Verwenden Sie ein Multimeter, um den Durchlasswiderstand der Diode und damit jedes Gangs zu messen
Das Digitalmultimeter misst den Widerstandswert, wandelt das analoge Signal mithilfe eines A/D-Wandlerchips in ein digitales Signal um und zeigt dann das Ergebnis an. Durch die Auslenkung des Magnetkopfes wird der Wert auf dem Zeigermultimeter angezeigt. Der Widerstandsdateitest der Diode ergab keine Widerstandswerte in Vorwärts- und Rückwärtsrichtung, der Zeiger-Multimeter-Test derselben Diode ergab jedoch Widerstand in Vorwärtsrichtung, hauptsächlich aus folgenden Gründen:
Diodenmessungen in Leiterplatten
Zunächst einmal ist die Ausgangsspannung des Widerstandsgetriebes bei einem Zeigermultimeter anders als bei einem Digitalmultimeter. Die maximale Ausgangsspannung des Zeigermultimeters beträgt häufig 9 Volt, während die maximale Ausgangsspannung eines Digitalmultimeters typischerweise 3 Volt beträgt. Sie unterscheiden sich nicht nur in den Ausgangsspannungen, sondern auch in den von uns verwendeten Messgetrieben und in den Ausgangsspannungen selbst. Das Widerstandsgetriebe des Digitalmultimeters hat einen Ausgangsspannungsbereich von 1,0 Volt bis 3,0 Volt. Im Vergleich zu einem Digitalmultimeter ist die Ausgangsspannung des Widerstandsgetriebes bei einem Zeigermultimeter typischerweise höher.
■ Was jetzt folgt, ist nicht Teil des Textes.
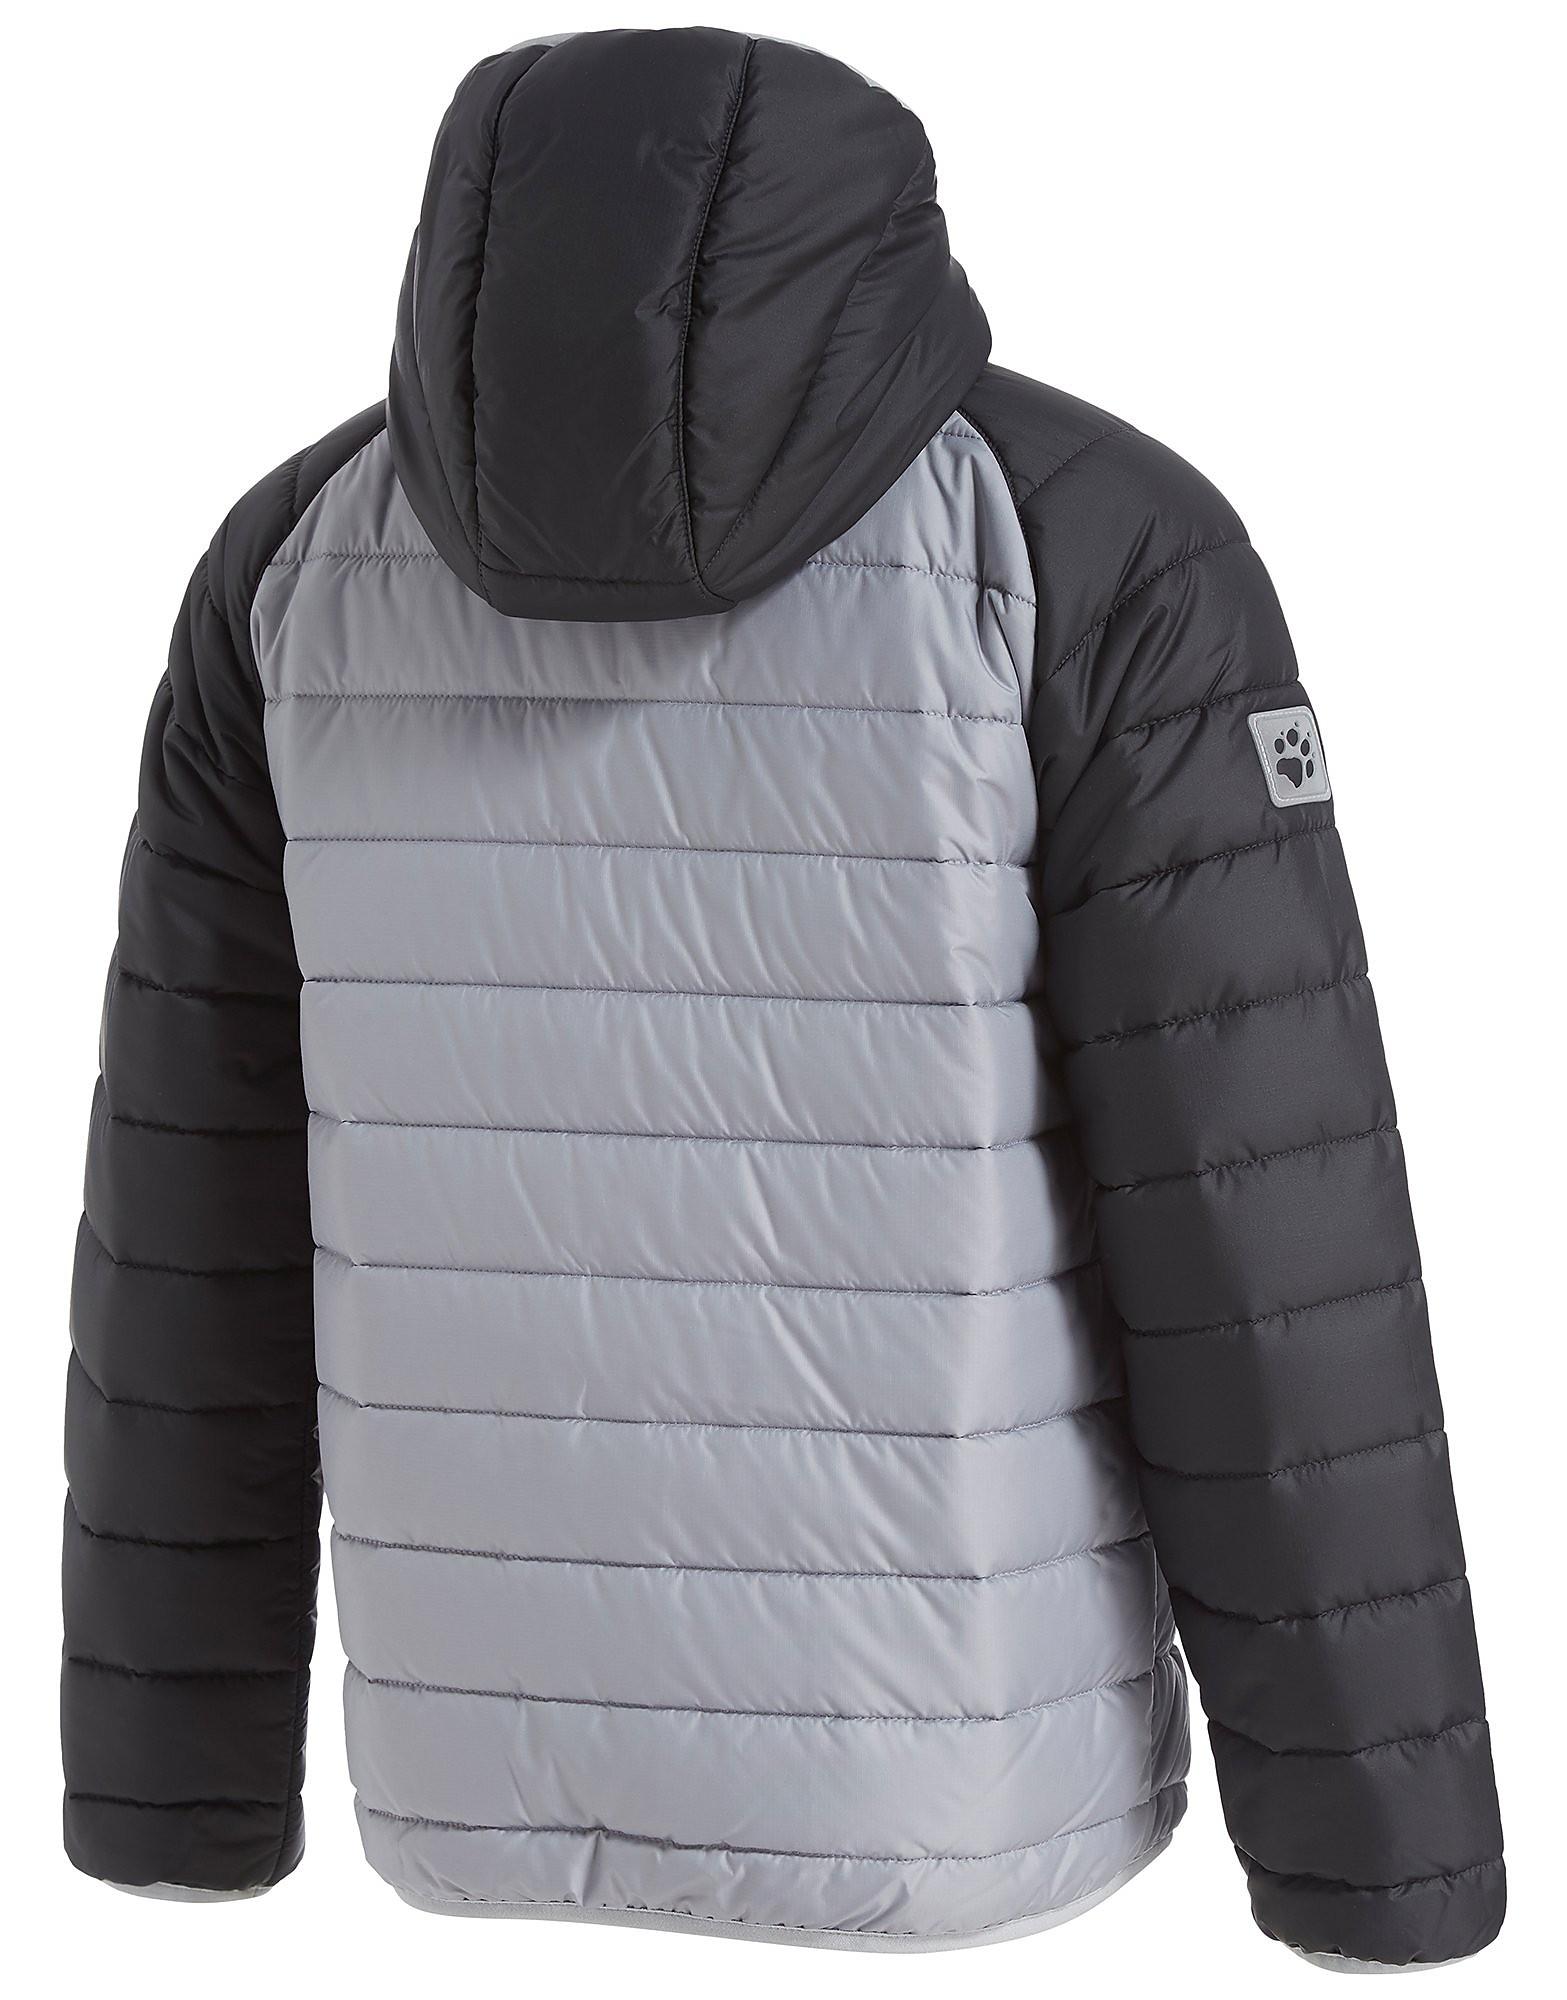 Jack Wolfskin Zenon Insulated Jacket Junior

Wenn die Ausgangsspannung größer als der Spannungsabfallwert der Diode ist, kann die Diode eingeschaltet werden. Wenn jedoch der Spannungsabfallwert des Digitalmultimeters kleiner als der Spannungsabfallwert der Diode ist, kann die Diode nicht eingeschaltet werden, was bei der Messung der Diode zu einem unendlichen Vorwärts- und Rückwärtswiderstand führt.
Bei Verwendung eines Digitalmultimeters zur Messung der Qualität einer Diode empfiehlt es sich, den Diodengang auszuwählen. Die Diodenschaltung des Digitalmultimeters arbeitet normalerweise mit 2,6 Volt, was höher ist als der Durchlassspannungsabfallwert der Diode und das Einschalten der Diode in Durchlassrichtung ermöglicht.
Mithilfe der Widerstandsdatei des Digitalmultimeters kann durch Messung des Widerstands festgestellt werden, ob eine Diode leckt. An dieser Stelle sollte die Schlussfolgerung lauten, dass der Widerstandswert bei der Vorwärtsmessung einen Wert hat, wohingegen der Widerstandswert bei der Rückwärtsmessung unendlich ist. Auch das Messergebnis des Zeigermultimeters ist das gleiche. Es ist ein Beweis dafür, dass die Diode möglicherweise in die entgegengesetzte Richtung leckt, wenn die Messung einen Widerstand in der entgegengesetzten Richtung ergab. Um ihn in diesem Fall zu finden, benötigen wir eine spezielle Ausrüstung. Die Verwendung eines Multimeters zur Bestimmung, ob die Diode einen Leckstrom aufweist, ist ungenau. Zweitens gibt es aufgrund der unterschiedlichen Spannungsabfalleigenschaften der Dioden auch Unterschiede zwischen den Ergebnissen der Messung der Dioden mit einem Digitalmultimeter und dem Widerstandsbereich des Zeigermultimeters. Im Gegensatz dazu gibt es einige spezielle Dioden, wie z. B. Hochspannungsdioden haben einen relativ großen Leitungsspannungsabfall von mehr als 0,7 Volt. Da unser Digitalmultimeter eine niedrige Widerstandsspannung hat, die die Diode nicht durchlassen kann, erscheint der Widerstandswert bei der Messung unendlich. Beispielsweise beträgt der typische Spannungsabfallwert von Siliziumröhren und Germaniumröhren 0,3 Volt bis 0,6 Volt.